Все льется и вьется, курчавясь…

Такие произвольные «операции», конечно, вносят чуждые, инородные элементы в поэзию Галкина, мастера скупого и строгого. Все это говорится к тому, что советский читатель, в чьем распоряжении имеется пока лишь одна книжка переводных стихотворений: Галкина, имеет об этом прекрасном еврейском советском поэте, одном из лучших советских лириков, слабое представление.

Самуил Галкин, принадлежит к так называемому второму поколению еврейских советских поэтов (первый сборничек его стихов вышел в 1922 году). Он пришел в еврейскую советскую поэзию тогда, когда для ее развития уже было заложено прочное и богатое основание мастерами первого поколения — Шварцманом, Гофштейном, Квитко, Маркишем. Стих Галкина и формировался под явственным воздействием тогда еще совсем молодой, но уже окрепшей еврейской советской поэзии. Однако уже с ранних поэтических шагов Галкина стало обнаруживаться его своеобразие. Своеобразие это сначала по преимуществу сказывалось в том, что от его стихов тянулись крепкие нити к старой еврейской культуре, к метафорической образности древнееврейской литературы, среди памятников которой первое место занимает Библия.

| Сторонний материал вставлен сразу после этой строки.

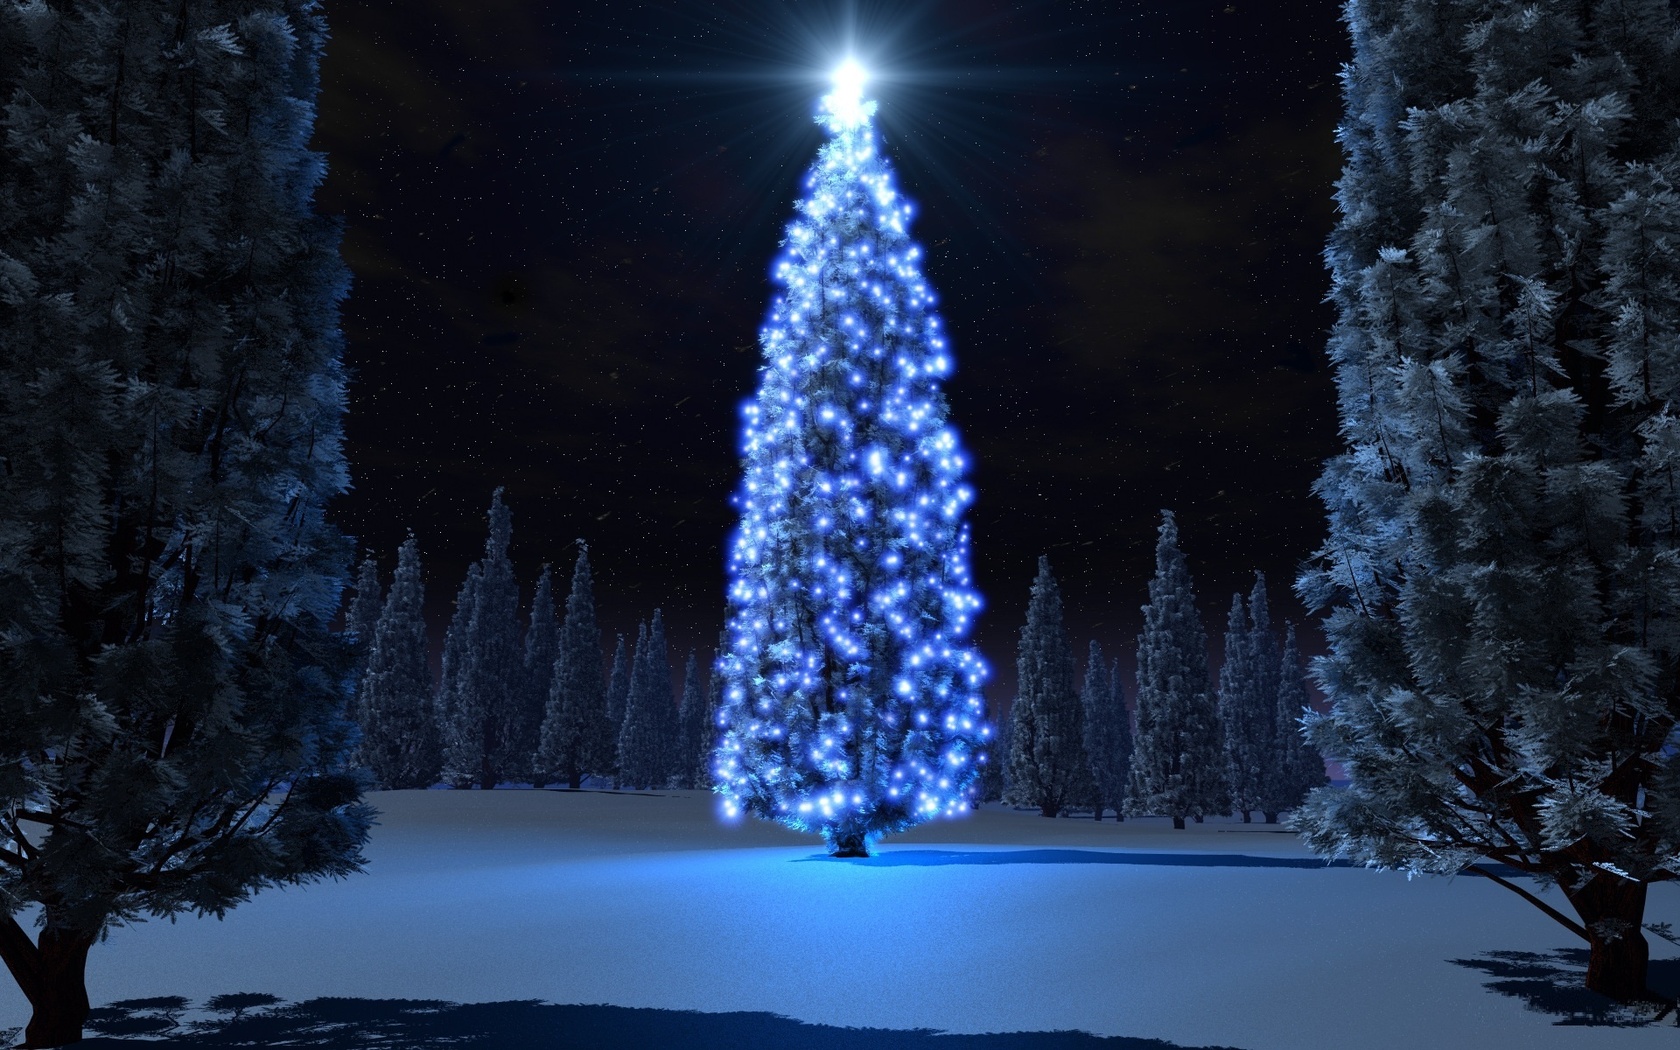 tree, christmas, light, night, snow
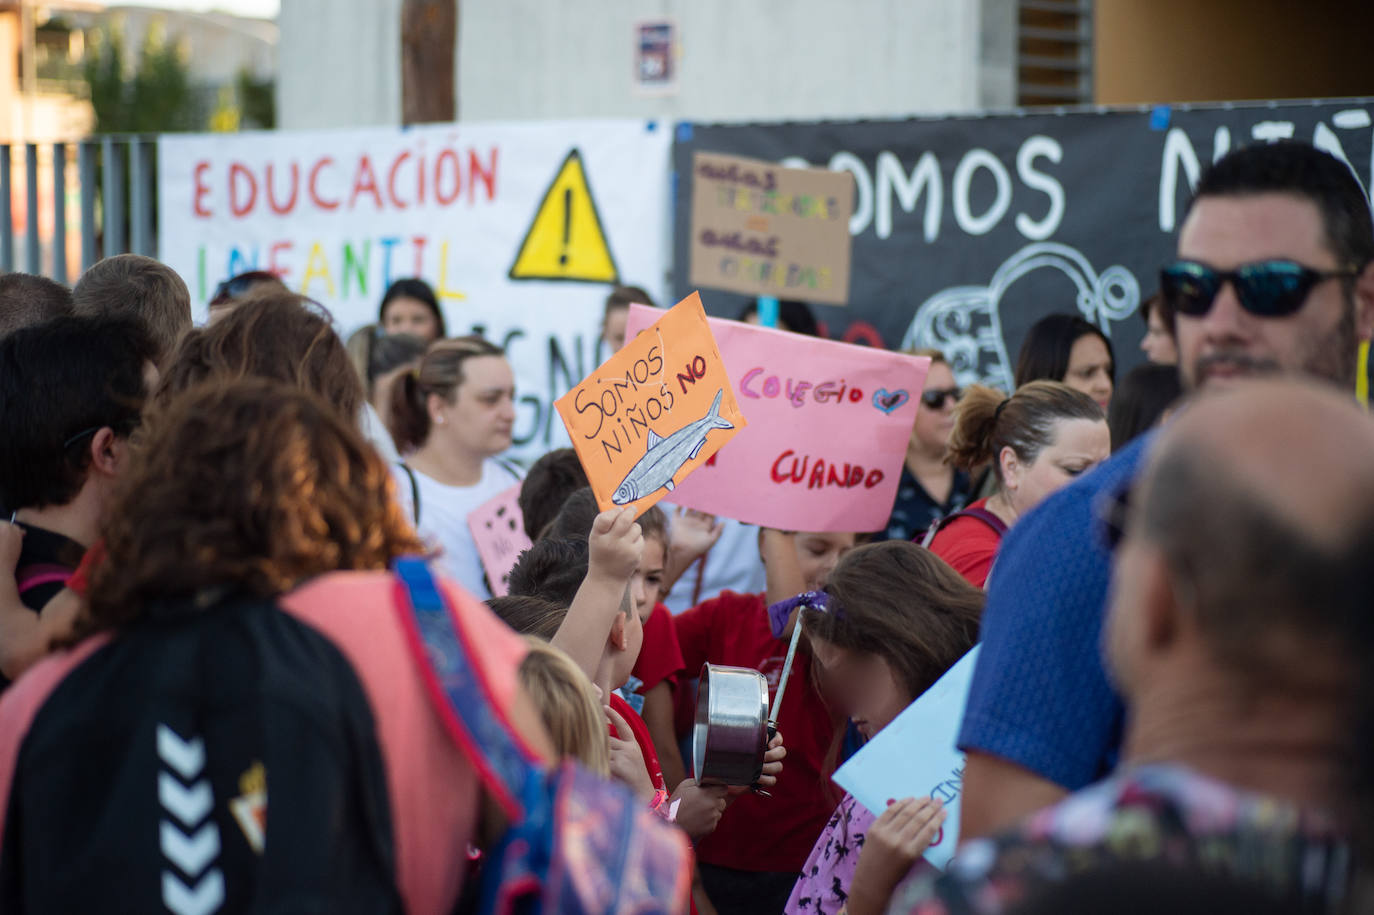 Los padres de los alumnos del colegio Juan de la Cierva se movilizaron para denunciar la masificación que padecen sus alumnos por la falta de aulas.

Галкин пришел в литературу в первые годы Великой Октябрьской социалистической революции. Но {181} путь Галкина как поэта к революции и к коммунизму был своеобразен и труден.

Одна из ранних книг Галкина носила название «Скорбь и мужество». Формулу эту поэт заимствовал у Давида Гофштейна, который писал: «Скорби от мужества я не могу отделить сейчас». В ранних произведениях Галкина мотивы радости по поводу обнов­ляемой жизни переплетались с мотивами печали. Истоки этой печали коренились в том неправильном противопоставлении национального и социалистического, которое было характерно для раннего этапа творчества Галкина. Галкина как поэта — уже с первых его поэтических шагов — волновала проблема культурного наследия, но он не сразу пришел к правильному ее разрешению. Поэту казалось, что та старая культура, которая ему была так близка и дорога, погибнет при встрече с новой жизнью, с новыми идеями и с новыми формами культуры. Это окрашивало некоторые ранние произведения Галкина в националистические тона.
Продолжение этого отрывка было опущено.